Era ele querido e admirado por adolescentes, uma vez que se destacava como artista de teatro, decorador, promotor de evento, instrutor de modelos, cabeleireiro. Satisfazia-se andar acompanhado de garoto ou de garota. Gesticulava bastante ao falar. Ao passar por mim, olhava-me como quem queria se comunicar comigo. Mas nunca imaginei de, um dia, estar junto dele. 

Numa noite de setembro, porém, achei-me ao lado dele, como se o imprevisível seja atributo do destino. Eu e mais dez amigos estávamos reunidos na agradável casa de Antônio Maciel Brandão, empresário juazeirense de joias folheadas. Conversávamos assuntos vários, entre goles de bebida alcoólica e farta comida.

Pouco longe de nós, do outro lado da piscina, ouvíamos os gritos nervosos de Janete Kiss. Ele ensaiava algumas moçoilas para o desfile patrocinado por uma butique de modas, e o qual deveria ser apresentado em outubro, numa festa de um clube social da cidade.  

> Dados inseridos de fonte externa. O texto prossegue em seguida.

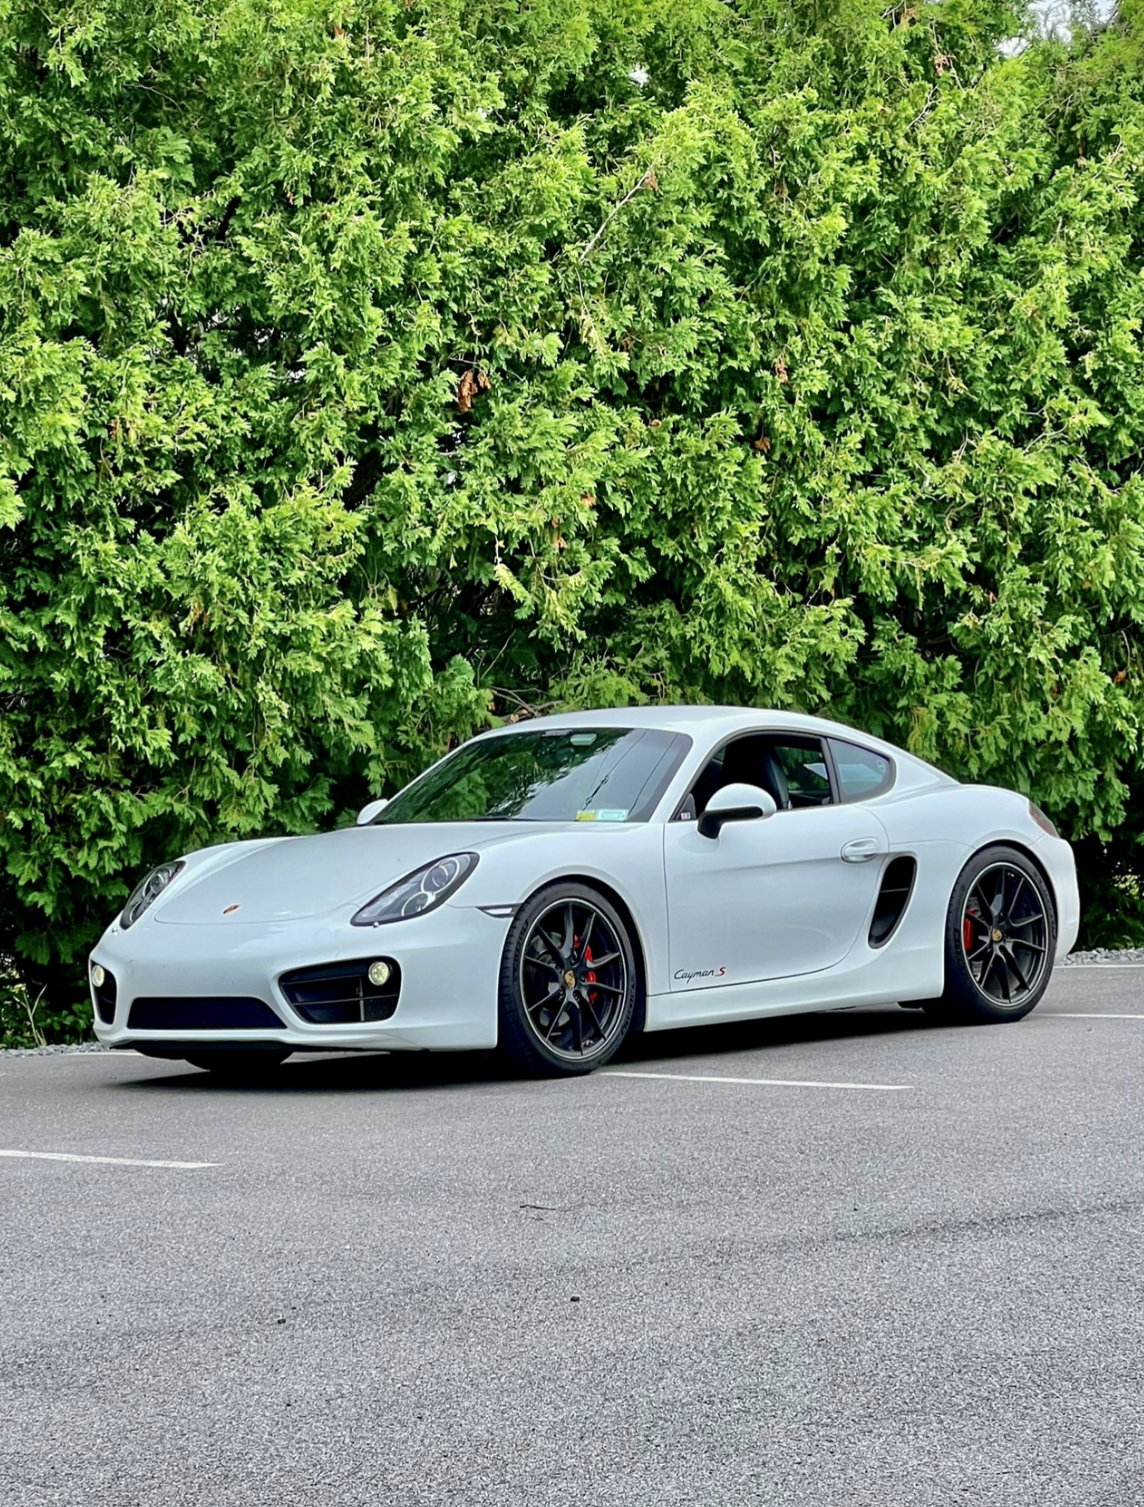 2015 Porsche Cayman - 2015 Cayman S 6MT / X73 / Highly Optioned / Fabspeed Headers - Used - VIN WP0AB2A83FK183244 - 40,350 Miles - 6 cyl - 2WD - Manual - Coupe - White - Burlington, VT 05408, United States

Mas logo que o grupo do ensaio entrou em intervalo de trabalho, Janete Kiss, sem ser convidado, veio se sentar entre nós. Sentou-se na cadeira vizinha a mim. Desenvolto, conversava sorrindo para todos. Entrosou-se rápido. Entre gole e outro de uísque, ele nos começou a revelar factoides, envolvendo a sociedade do Cariri, ou melhor, do triângulo Crajubar (Juazeiro do Norte, Crato, Barbalha). 

Já que conhecia muita gente, Janete Kiss descobriu-nos quem saía com quem, quem traía quem… De repente, apontou para a adolescente, sentada sobre uma das caixas de som, à espera do recomeço do ensaio. De dedo indicador apontado para ela, anunciou-nos: "Aquela faz dois meses que abortou. Quase que ia. Mas está se recuperando".

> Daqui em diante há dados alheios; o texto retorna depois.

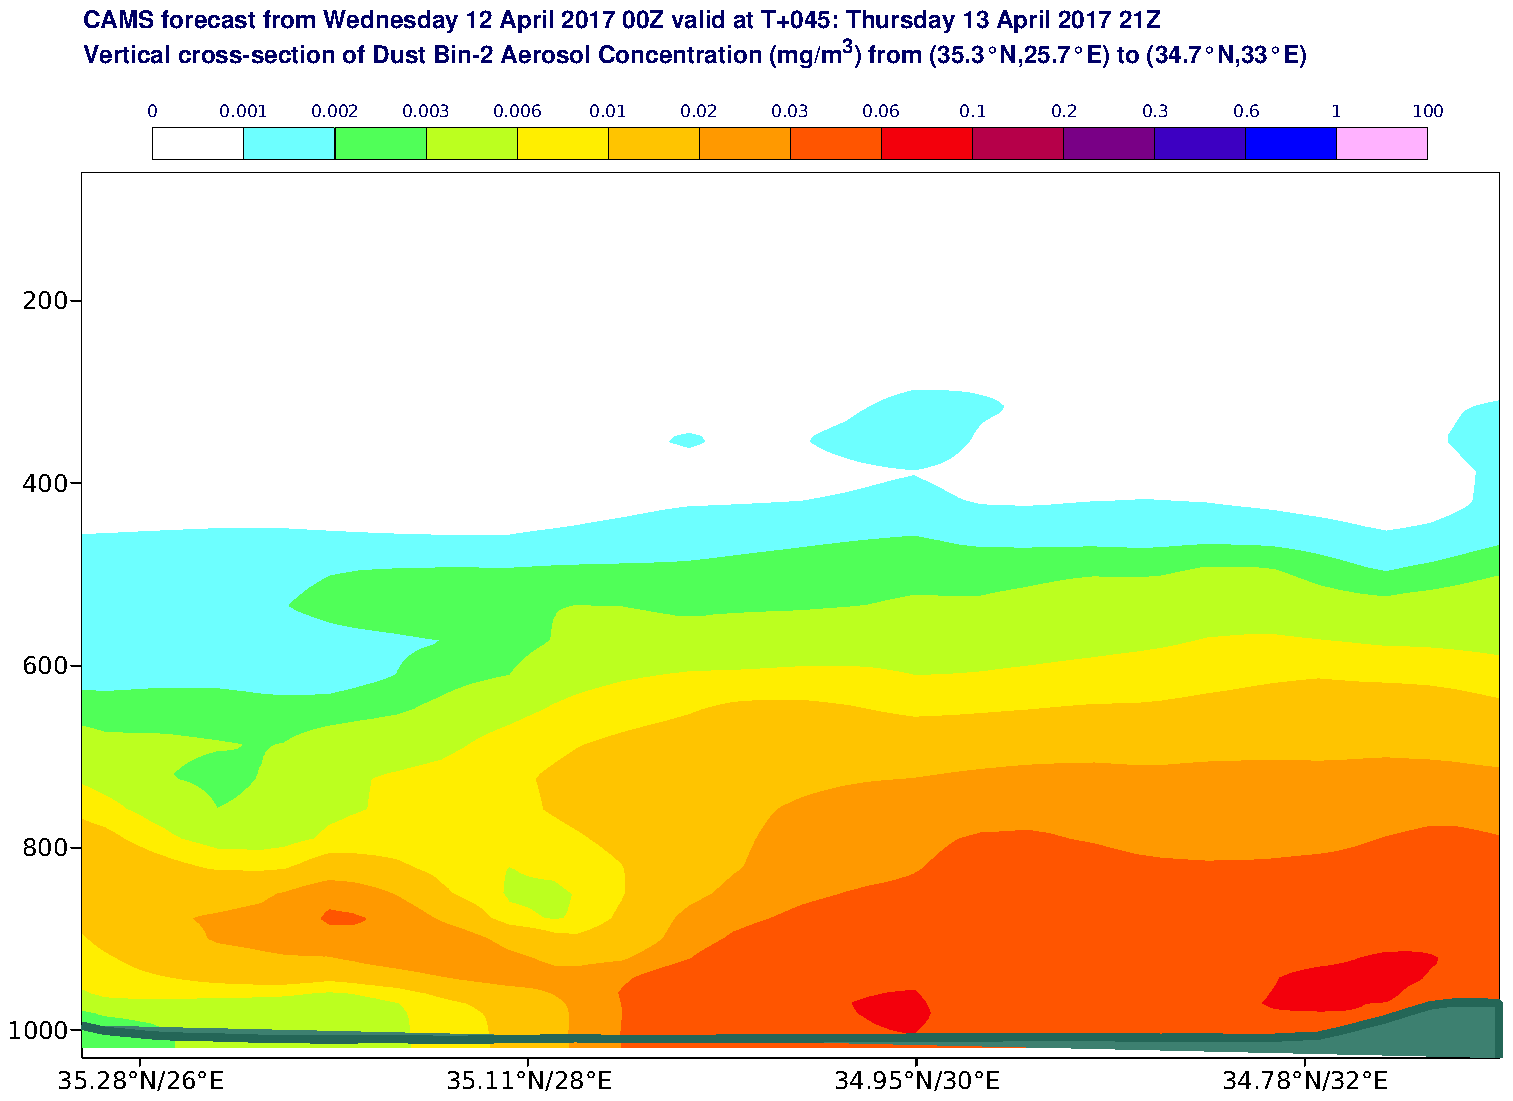 Vertical cross-section of Dust Bin-2 Aerosol Concentration (mg/m3) valid at T45 - 2017-04-13 21:00

Enquanto olhávamos na direção da garota franzina, de xorte vermelho, Janete Kiss nos explicou que ela praticara aborto, pois o namorado dela, empresário de joias folheadas, exigiu e pagou tudo. Janete Kiss quem contratou a aborteira, famosa no Cariri. Mas não foi possível ele terminar a história, já que vieram chamá-lo para continuar o ensaio.

Logo na sua ida, Antônio Caldas, comerciante de miudezas, no Mercado Central, fez a sua crítica, ao afirmar que o viado já estragou a vida de rapazes e moças do Cariri. E deu a sua opinião: "Tem muita gente a favor de ser aprovado o aborto".

- E por que não? - adiantou-se Perbuário Rodrigues, comerciante de ferragens, depois de beber uísque puro, sem gelo, fazendo careta. E justificou ao dizer que Lula falou que era contra o aborto, mas já que era presidente era a favor, porque tratava de saúde pública. 

Quase que Perbuário não terminava de falar. Dois levantaram a voz em favor do aborto. Segundo eles, a prática do aborto era investimento na qualidade de vida da população; e se o aborto fosse legalizado, seriam evitadas milhões de mortes maternas.

Entretanto doutor Antônio Augusto Coelho, médico ginecologista em Juazeiro do Norte, pediu a palavra. Logo o silêncio dominou a discussão. O doutor, educado, de voz pausada e com boa dicção, deu seu parecer. Para ele, o mundo estava acelerado. Havia pressa no ser humano para resolver seus problemas. No entanto, havia situações que era preciso agir com calma, para não cair no erro de se criar um problema novo para se resolver o anterior.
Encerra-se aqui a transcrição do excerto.